It was hot that day. I remember, because I felt a bead of sweat run down my spine while I was walking to meet a last-minute Hinge date I had set up that day at work. An anomaly for me, but after mine and Peter’s break-up, I would get the sudden urge to be in the company of a man (words I genuinely thought I’d never utter.)
Two blocks away, I pulled out my phone to confirm the name of my impromptu Prince Charming. Rhett. “Rhett,” I said under my breath. “Rhett from Texas.”
He looked younger than his stated age of 30, but other than that, mostly my type. Dark brown hair, grown out a bit — what we would have called ‘lax flow’ back in college. Scrolling through, all seemed fairly predictable: a snap of him and his friends posing in front of a sign at music festival sign, a picture holding a toddler I assumed was his niece. A photo with his father on a golf course — a DC classic — hair mostly hidden by his hat, with some fringe poking out around the sides of his ears. I promptly zoomed in to see the logo. Burning Tree. Interesting.
In the world of DC country clubs, Burning Tree is for the insiders’ insiders. Male-only and hidden in the depths of Glen Echo on the Potomac, its the Bohemian Grove for the government’s powerful and powerful-adjacent. I scrolled up to re-confirm his hometown. Dallas. Huh. Burning Tree is the stuff of legend at homegrown establishments like Georgetown Prep and Landon. How did a couple of Texans make it past the red tape?

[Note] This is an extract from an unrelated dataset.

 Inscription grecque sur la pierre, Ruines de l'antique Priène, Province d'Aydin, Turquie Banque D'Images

Before I knew it, I was approaching the bar — a waterfront spot in Georgetown where people with lip filler sip spritzes and take selfies in front of lobbyist’s yachts — and by some miracle, my back sweat had mostly dissipated. Score. Given we had agreed to meet on the patio, I was already scanning for my evening’s company after arriving the customary five minutes late.

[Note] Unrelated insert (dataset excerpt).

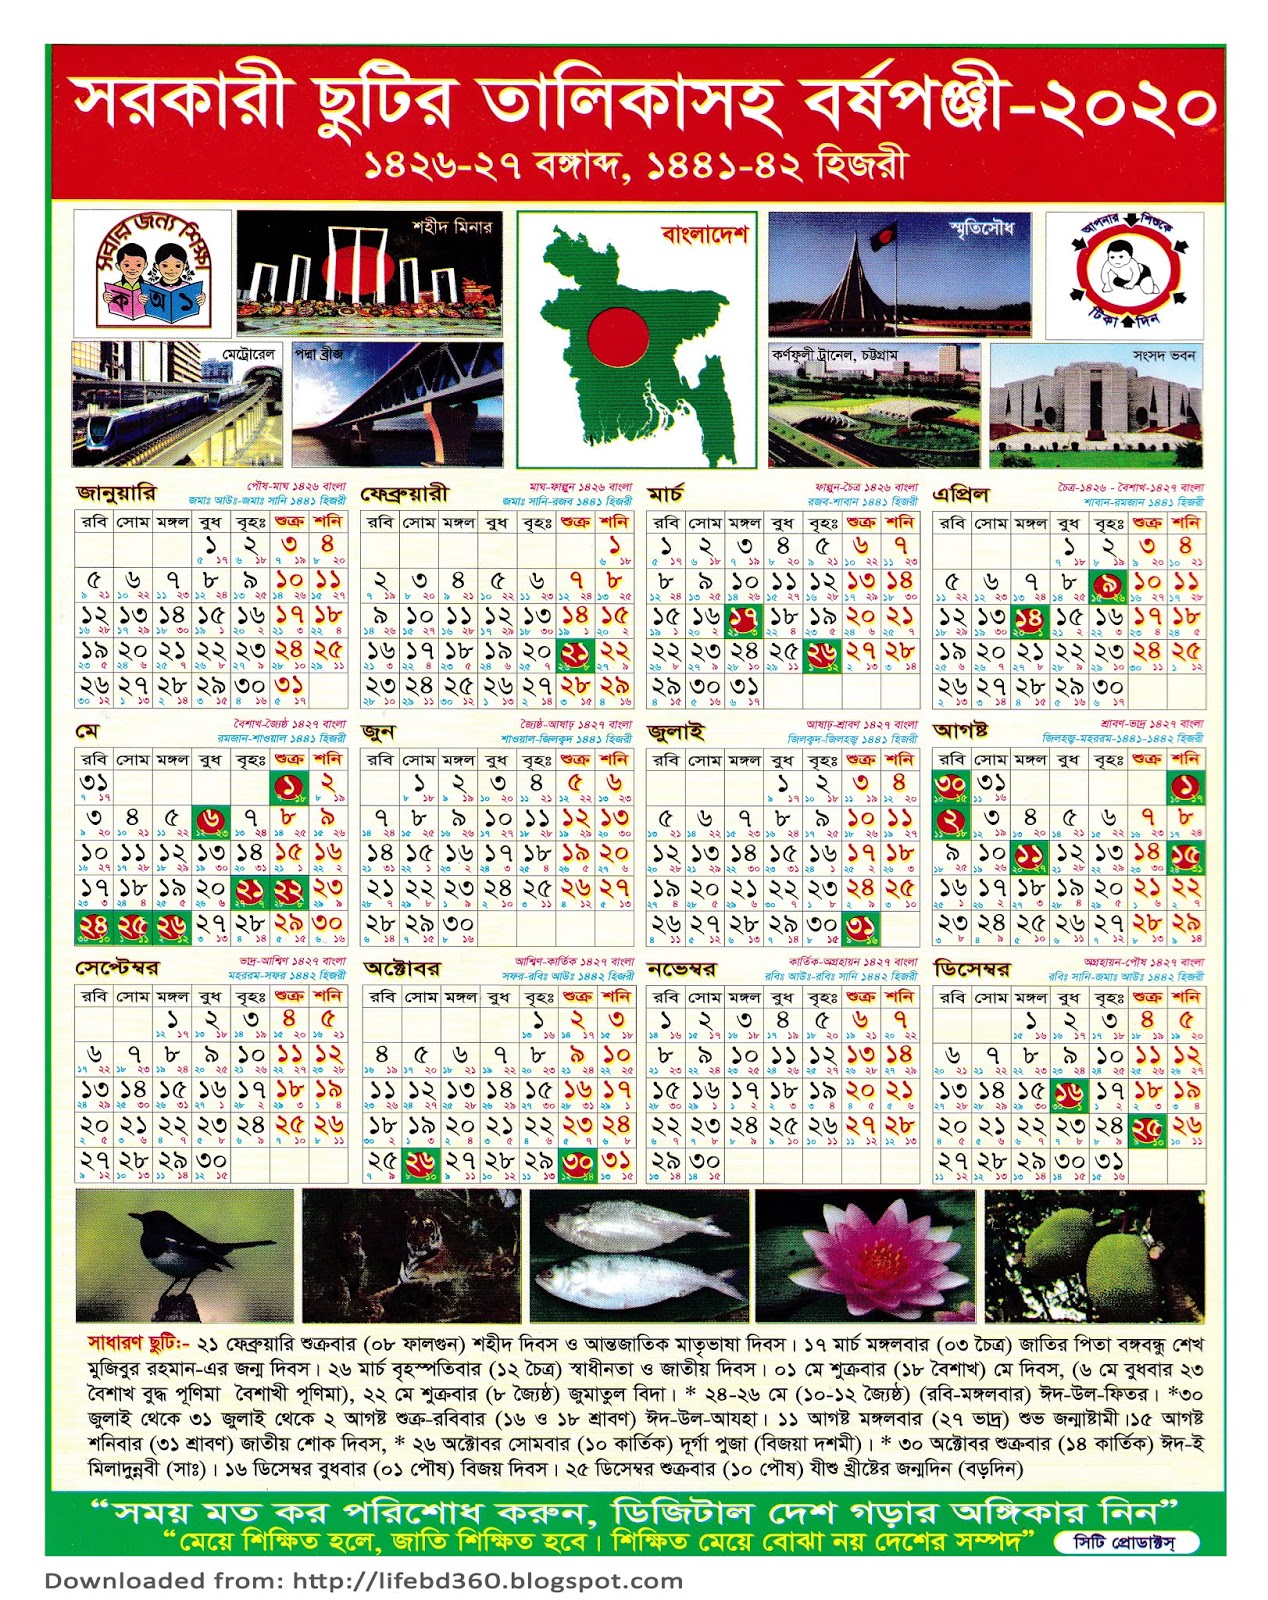 Islamic Calendar 2024 Bangladesh Calendar 2024 Ireland Printable

I had a pitch earlier that day in Bethesda, though had obviously left the blazer behind at the office when I departed for my date, leaving me in a strapless navy midid dress that by some miracle gave me a bit of cleavage — a welcome sight after losing most of my B-cups to post-break-up weight loss — and landed a few inches above my ankles. The nude heels I was wearing were replaced by a pair of chic gladiator sandals I had intended to return during lunch a few days ago. Looks like they were now here to stay. While I was no longer actively sweating, my skin still had a moist sheen. I told myself it looked intentional, like the body-glittered clavicle of a Real Housewife about to start a fight during an on-air vacation. I’m almost positive it did not.
“Oh, so you’re a businesswoman.” a said, after I performed by three-minute diatribe about what I do for work and how I ended up in advertising. I laughed, assuming he was joking, but Rhett only cracked half of a smile.
More soon. xx.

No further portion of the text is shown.